True or False?
In a Chi-Square distribution, when the degrees of freedom increase, the test statistic also increases (assuming all other variables are held constant.)
In a T-test for the population mean (standard deviation is unknown), the test statistic is equal to zero if the sample mean is equivalent to the population mean.
I really appreciate any help!
In a Chi-Square distribution, the test statistic is determined by the degrees of freedom. The test statistic does not necessarily increase as the degrees of freedom increase. Instead, the shape of the Chi-Square distribution changes with different degrees of freedom. As the degrees of freedom increase, the distribution becomes less skewed and approaches a normal distribution.
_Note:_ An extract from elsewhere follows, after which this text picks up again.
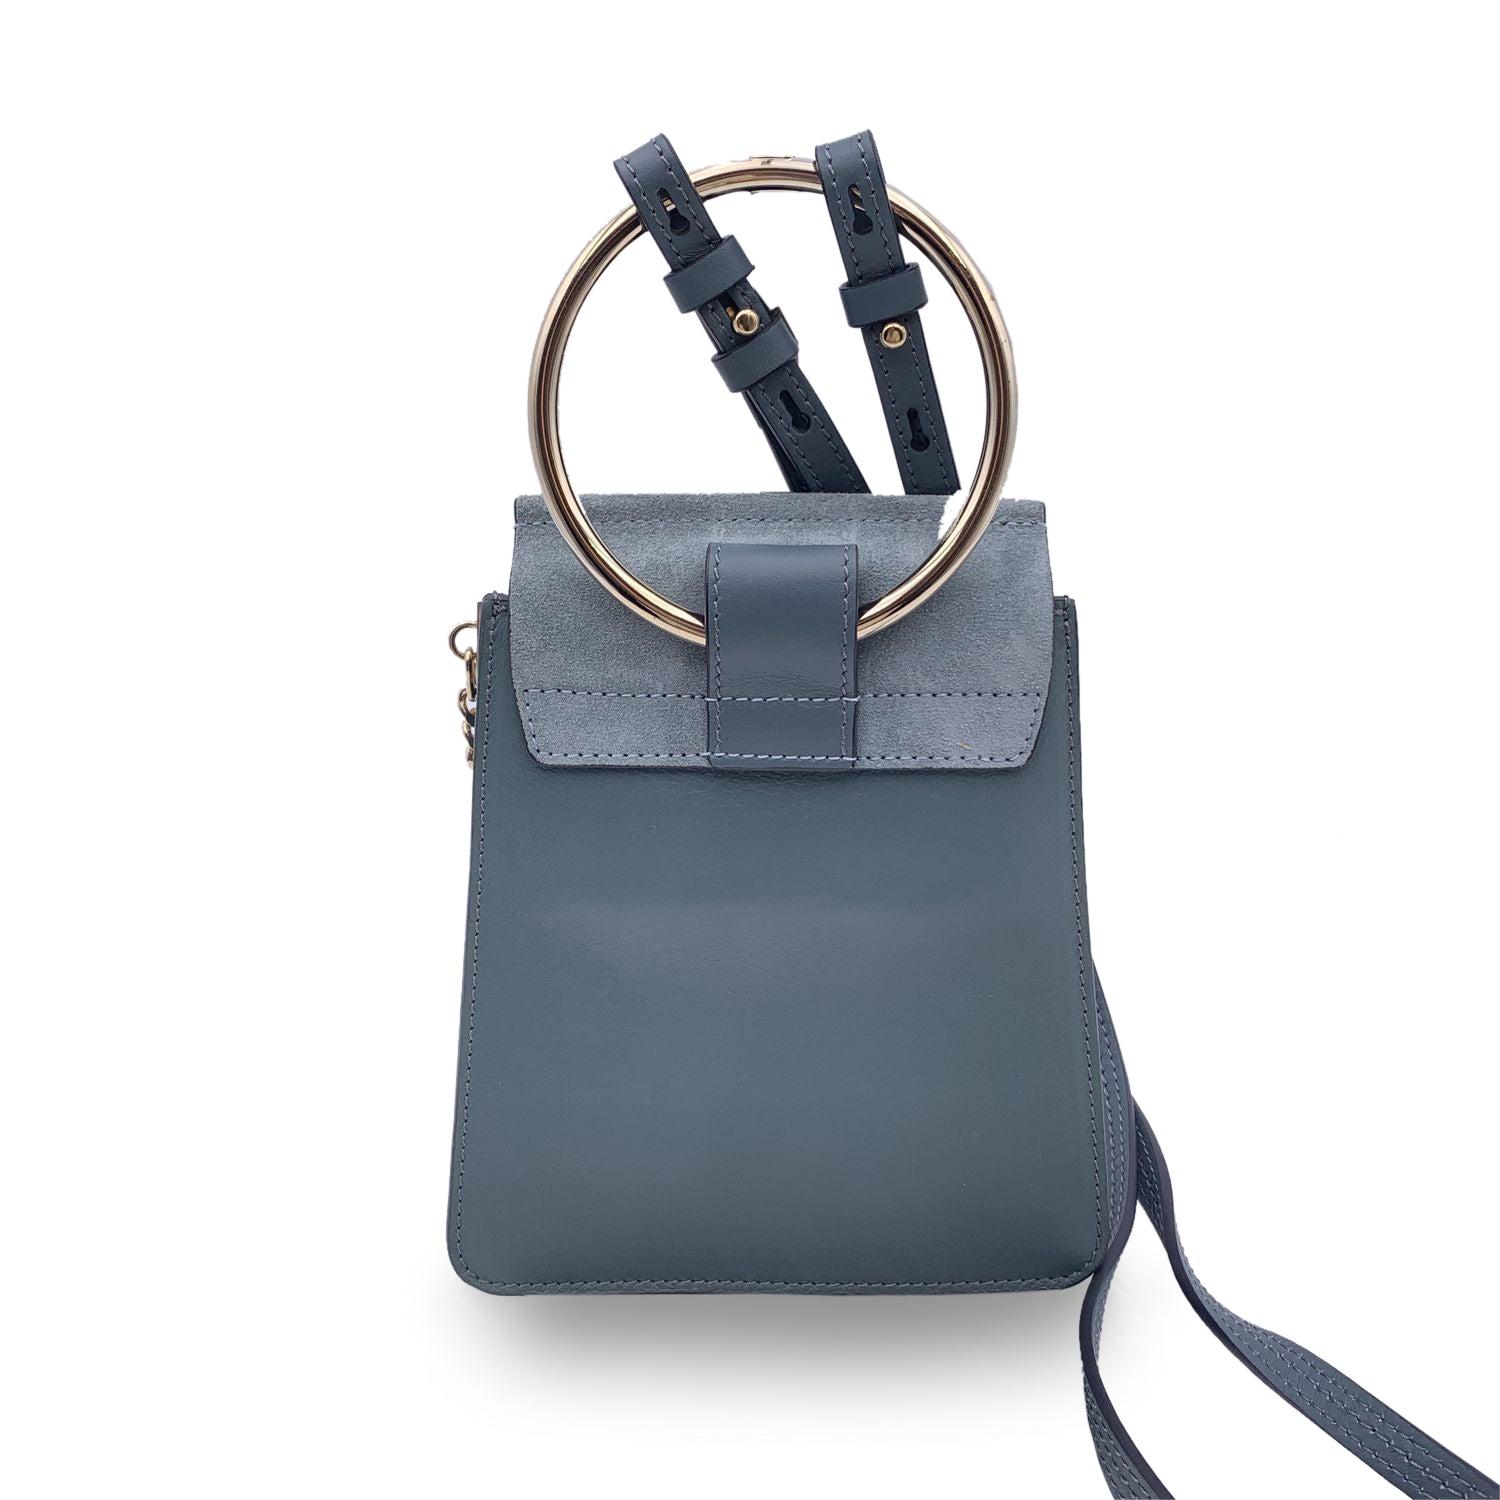 This beautiful Bag will come with a Certificate of Authenticity provided by Entrupy. The certificate will be provided at no further cost. Chloé Faye shoulder bag in light blue suede and leather. The Faye was created for the 2015 spring/summer

To evaluate whether the test statistic increases as the degrees of freedom increase, you can refer to the Chi-Square table or use statistical software. By comparing the critical values for various degrees of freedom, you can determine whether the test statistic increases.
Regarding the second statement, in a T-test for the population mean (when the standard deviation is unknown), the test statistic is not equal to zero when the sample mean is equivalent to the population mean. The T-test calculates the difference between the sample mean and the hypothesized population mean, and compares it to the standard deviation of the sample mean.
The formula for the T-test divides the difference between the sample mean and the hypothesized population mean by the standard error of the sample mean. If the sample mean is equivalent to the population mean, the test statistic will be 0. However, this is not a common scenario in hypothesis testing.
To perform a T-test, you need to have the sample mean, the hypothesized population mean, the sample standard deviation, and the sample size. By plugging these values into the T-test formula, you can calculate the test statistic and compare it to the critical value to make conclusions about the hypothesis.
I hope this explanation helps! Let me know if you have any more questions.